▸ Provided material
++++++++++
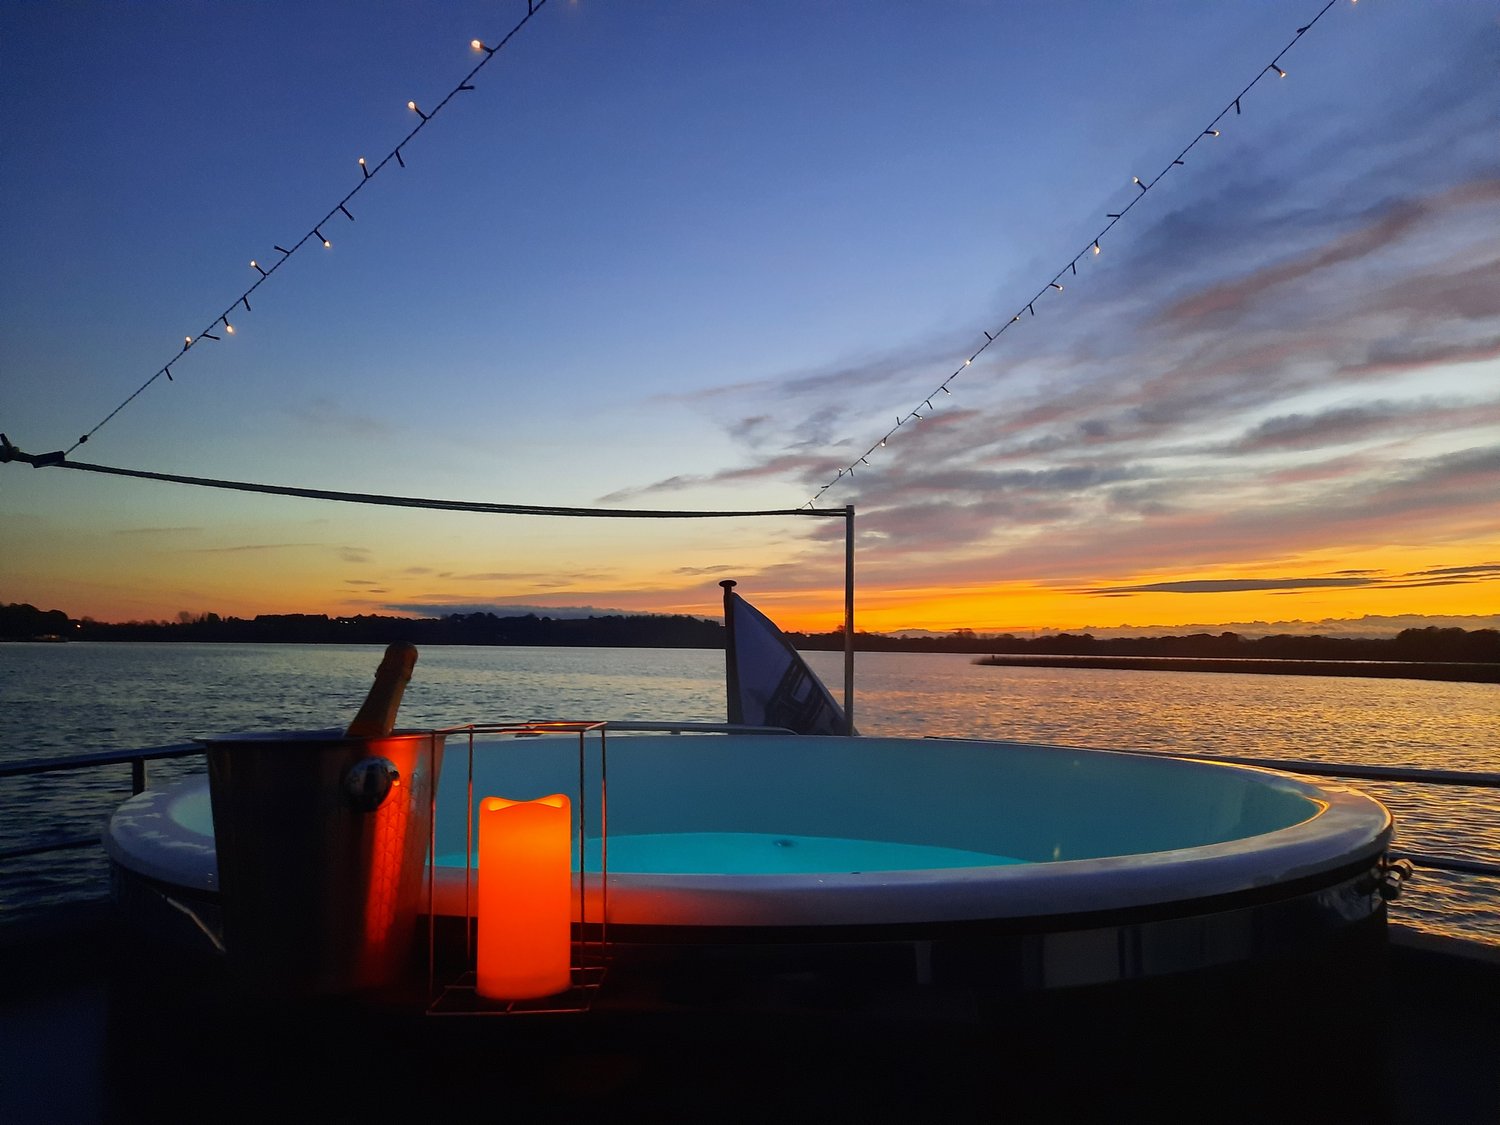 Hot Tub Boat sunset
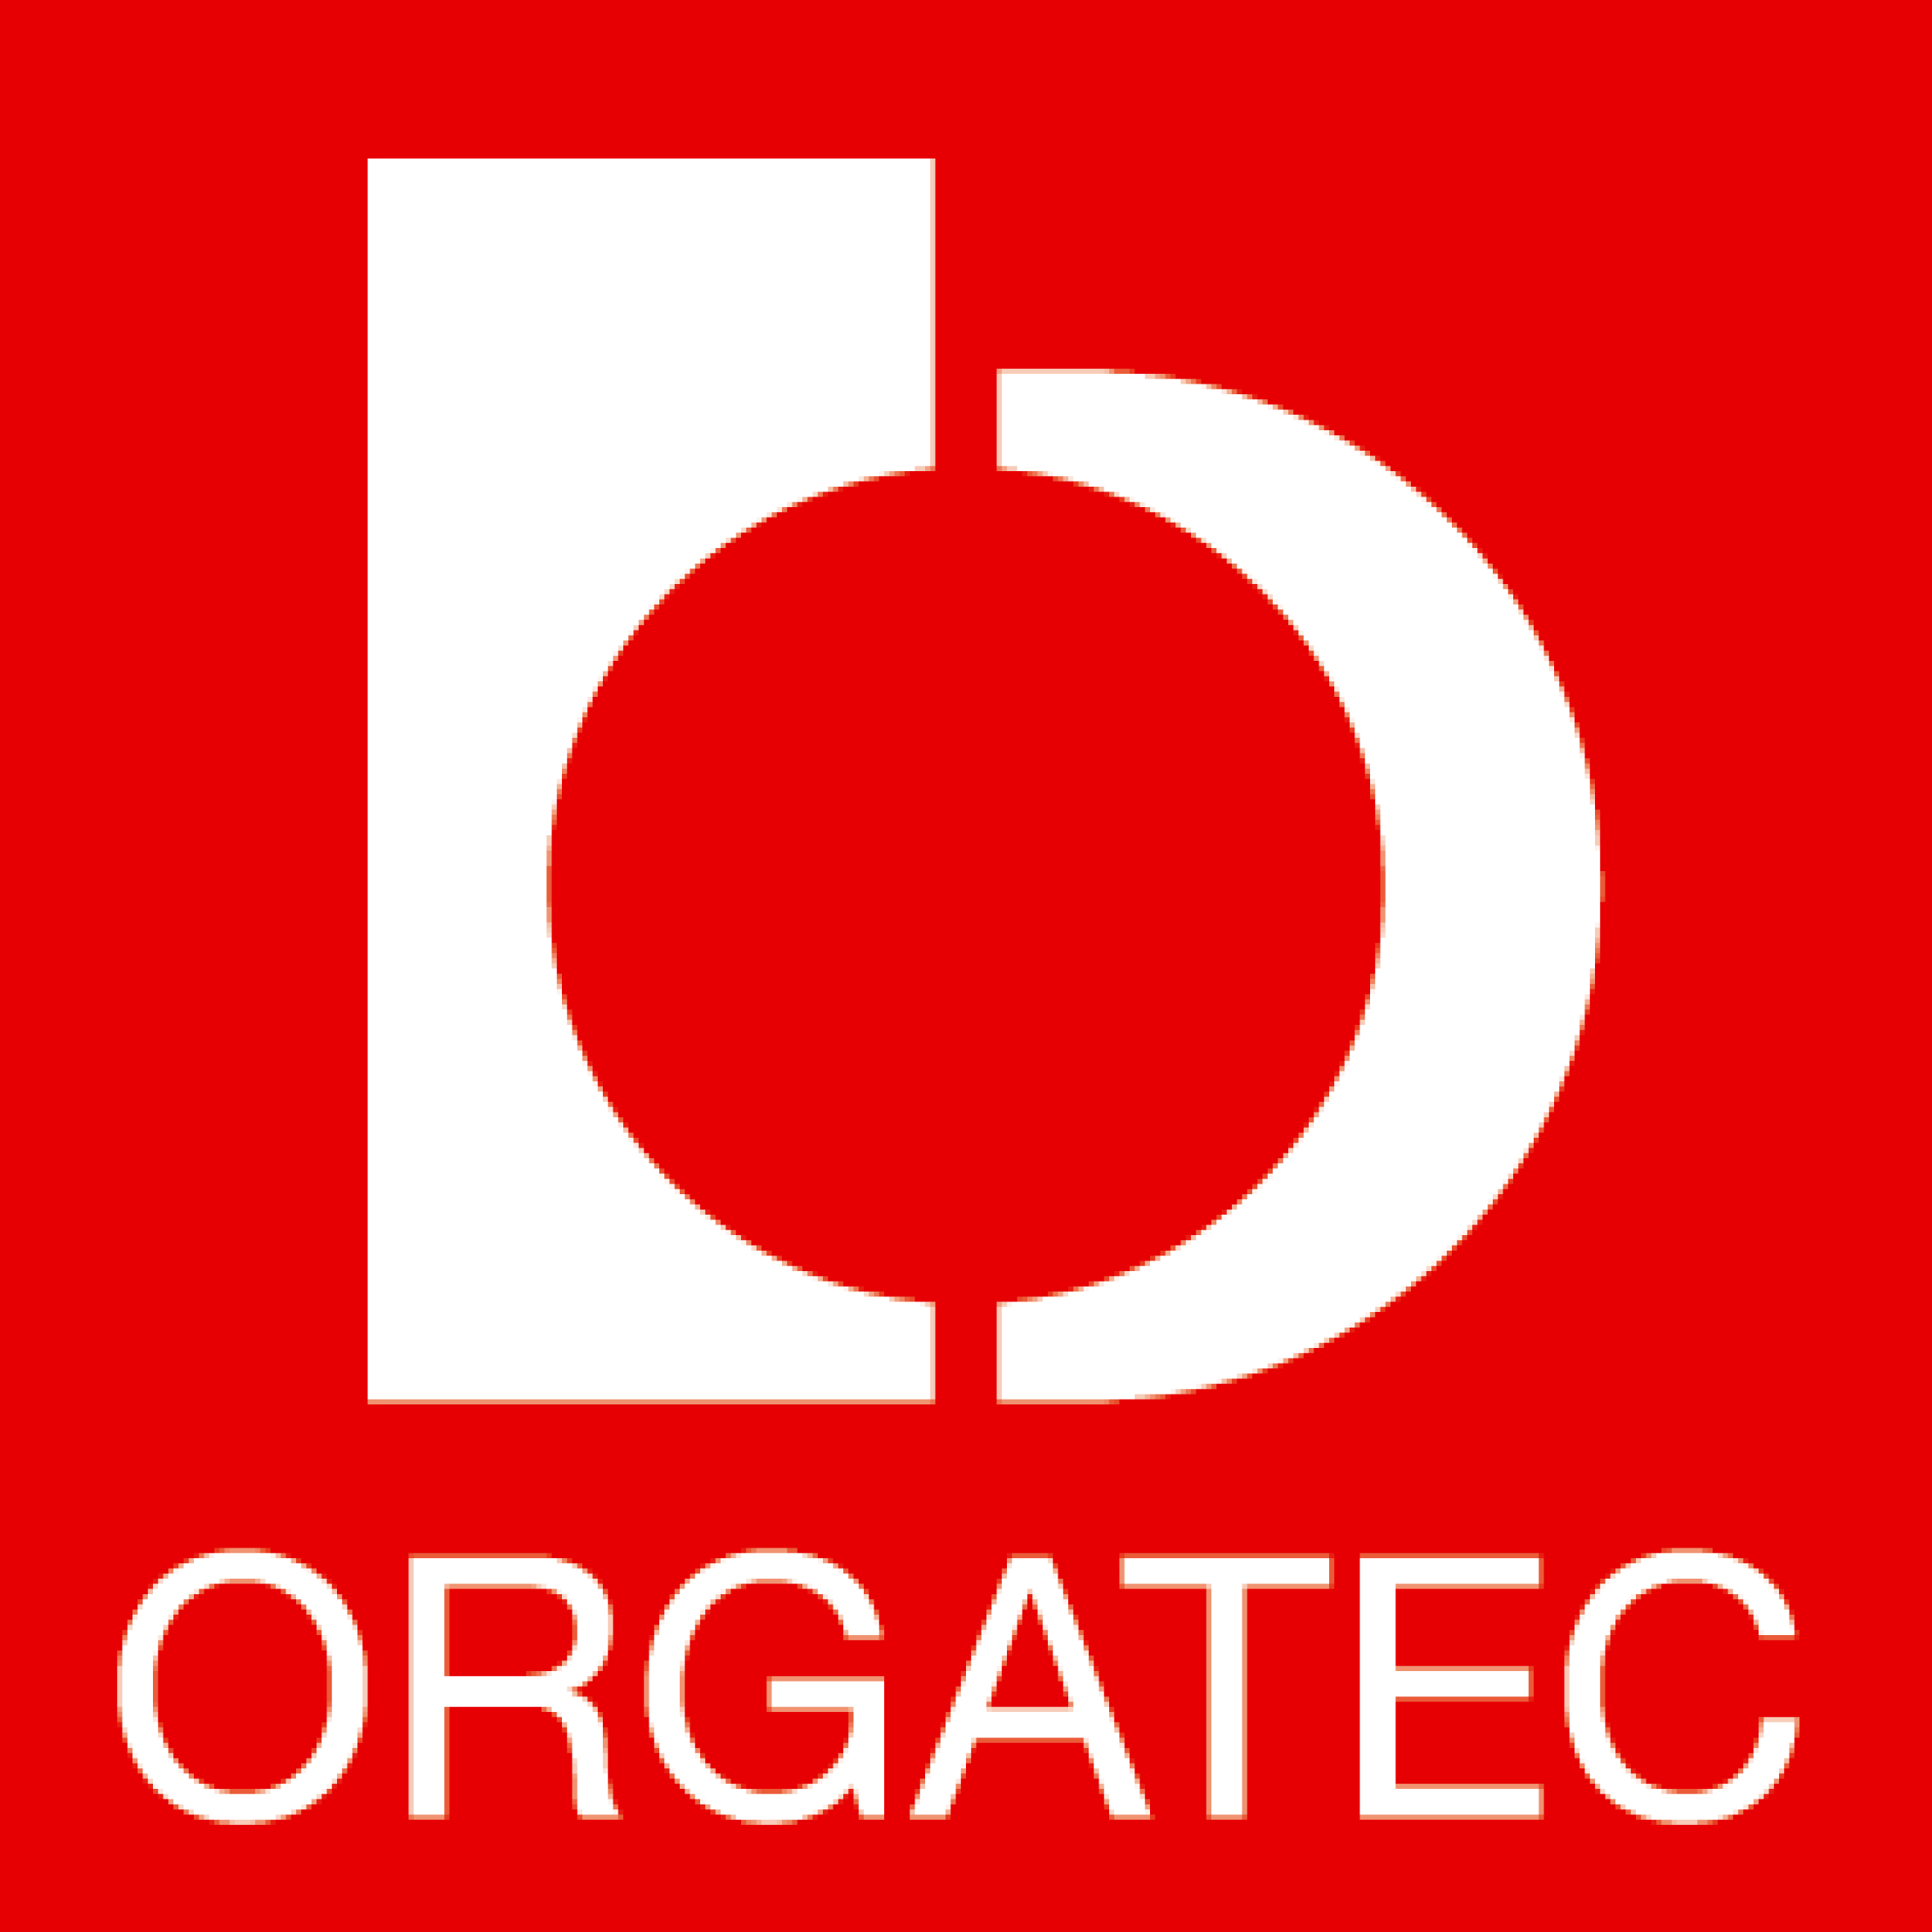 orgatec-logo_4c
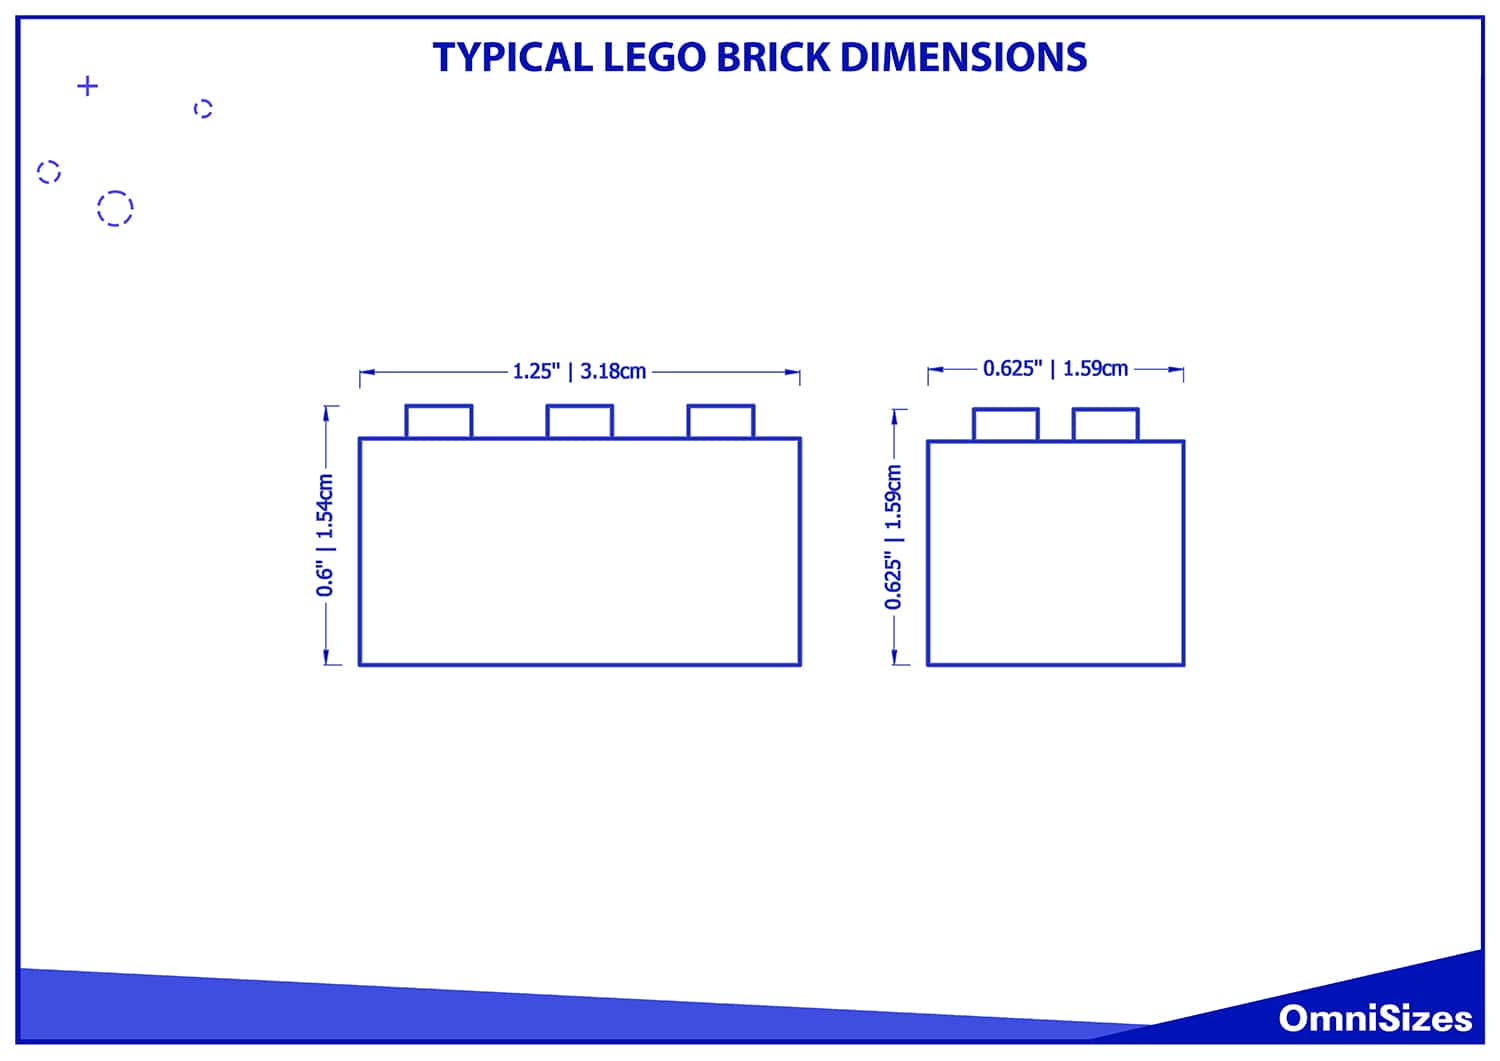 Typical lego brick dimensions
++++++++++
▸ What you will do
Write out every line above exactly as it is, leaving out the pictures.

▸ Solution for this exercise
 Hot Tub Boat sunset
 orgatec-logo_4c
 Typical lego brick dimensions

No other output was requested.